Sen. James Lankford, R-Okla., who appeared on the program after Jeffries, blasted Democrats over the shutdown, telling Welker, “This shutdown is not about health care. This shutdown was really about Democrats saying they want to show their resistance to President Trump. They want to show they’re fighting. They want to be able to energize their base.”
“The focus has really been on, ‘We want to show we’re fighting Trump,’ because their base says, ‘You’re not fighting hard enough,’” Lankford added.
Over the weekend, Trump continued to blame Democrats for the shutdown, but in a Saturday post on Truth Social, he appeared to offer a proposal for a new health care system that would “take from the BIG, BAD Insurance Companies, give it to the people, and terminate, per Dollar spent, the worst Healthcare anywhere in the World, ObamaCare.”
The proposal, the president wrote, was something he was “recommending to Senate Republicans.”
Lankford on Sunday called Trump’s post “pretty straightforward,” saying: “Stop sending money just to insurance companies and hope it gets better. Give Americans freedom of choice. If we’re going to allow subsidies to get out there, get them to people, not to insurance companies.”

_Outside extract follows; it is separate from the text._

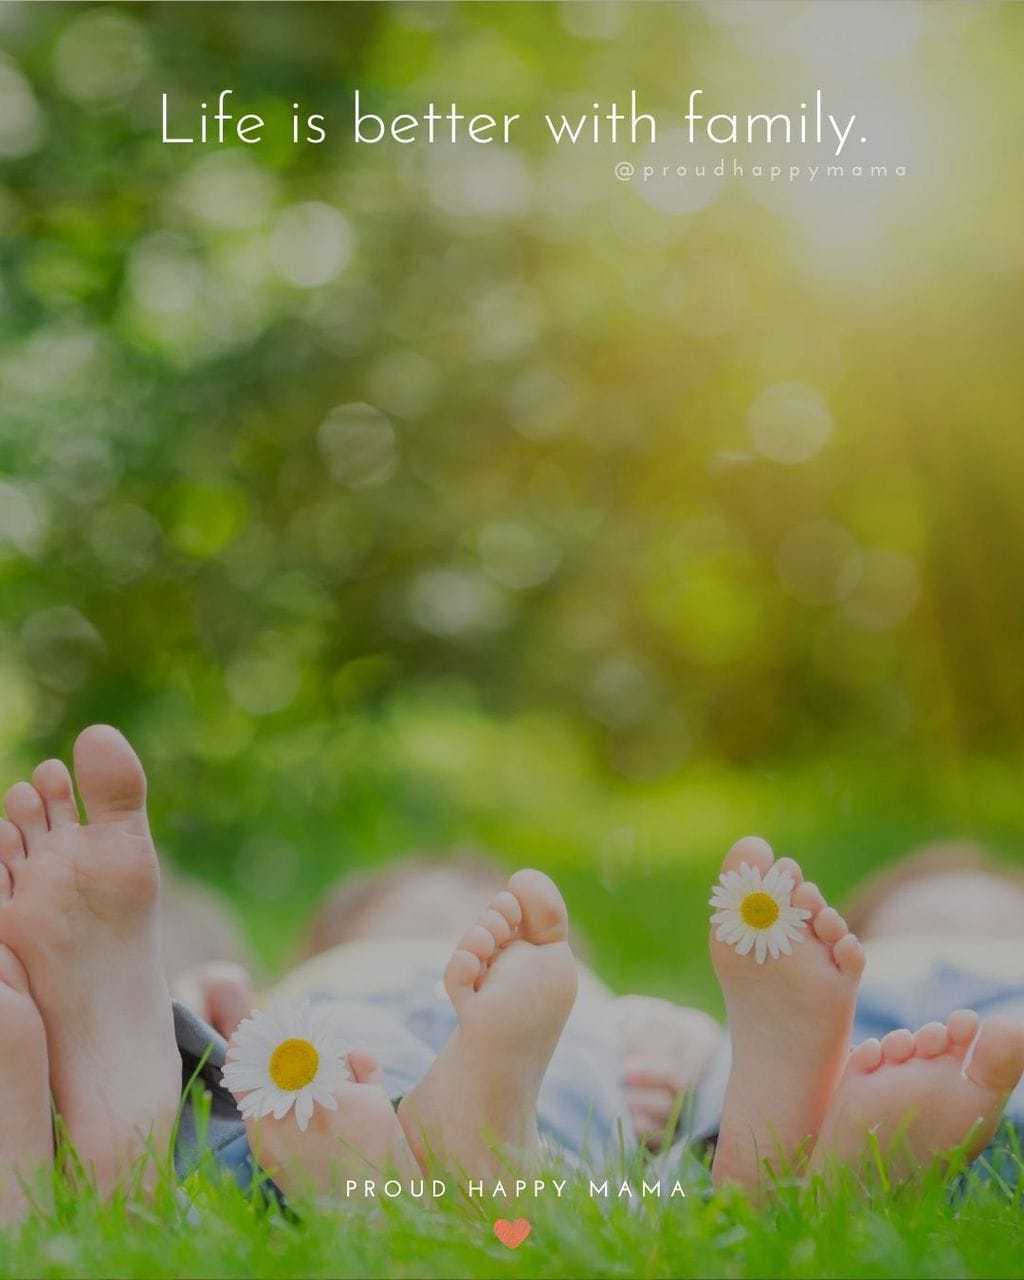 Quotes About A Loving Family | Life is better with family.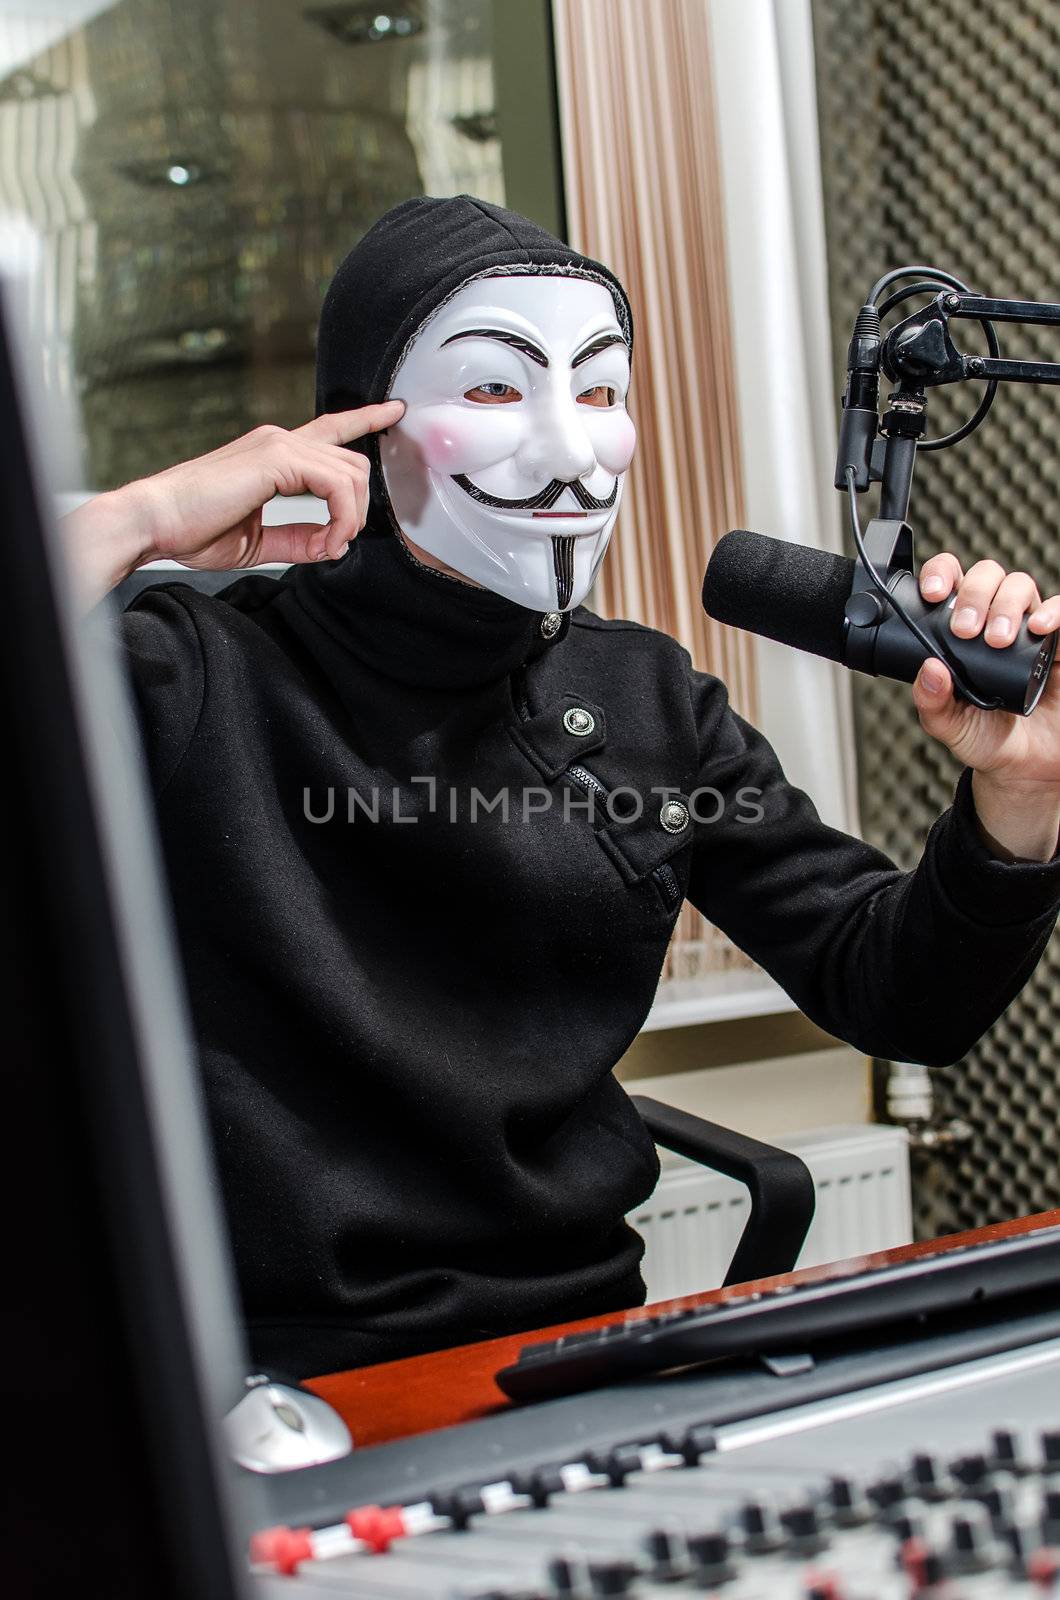 Antiglobalist expresses its demands on the radio

Democrats including Sen. Chris Murphy, D-Conn., blasted Trump’s posts, saying that he was proposing a plan to eliminate the health insurance system and give “people a few thousand dollars instead.”
Lankford dismissed Murphy’s interpretation of Trump’s proposal, telling “Meet the Press,” “That’s not what the proposal is. And I’m sure Sen. Murphy knows that it makes for good politics, but that’s not what it really is, and he knows it.”
The Oklahoma senator added, “This is not about wiping out all insurance.”
Later Sunday, Trump once again blasted Democrats over the shutdown, writing in a post on Truth Social, “Democrats claim to be working for ‘the little guy,’ and driving down your Health Insurance, but the OBAMACARE SCAM goes STRAIGHT TO THEIR BEST FRIENDS IN THE INSURANCE INDUSTRY. THEY ARE MAKING A “KILLING,” while Health Coverage only gets WORSE.”
“If Democrats get their way again, they’re in for another HUGE Payday at the expense of the American People. NO DEAL!,” he added.
Still, Lankford was hopeful that the government would reopen by Thanksgiving.
“I do. And it absolutely needs to,” he said when asked if he thought the government shutdown would be over by the holiday. “It needs to be open today, if we can get it open.”
“On the health care issue, it’s been fascinating,” Lankford added, reiterating Trump’s and Senate Republicans’ position since the start of the shutdown.
“President Trump came out within the first week and said, ‘If you want to talk about health care, we’ll talk about health care as soon as the government is open.’ Vice President [JD] Vance came forward, ‘We’ll talk about health care as soon as the government’s open.’ We’re not going to negotiate while the government is shut down, which is the exact same position we’ve been in,” the Oklahoma senator said.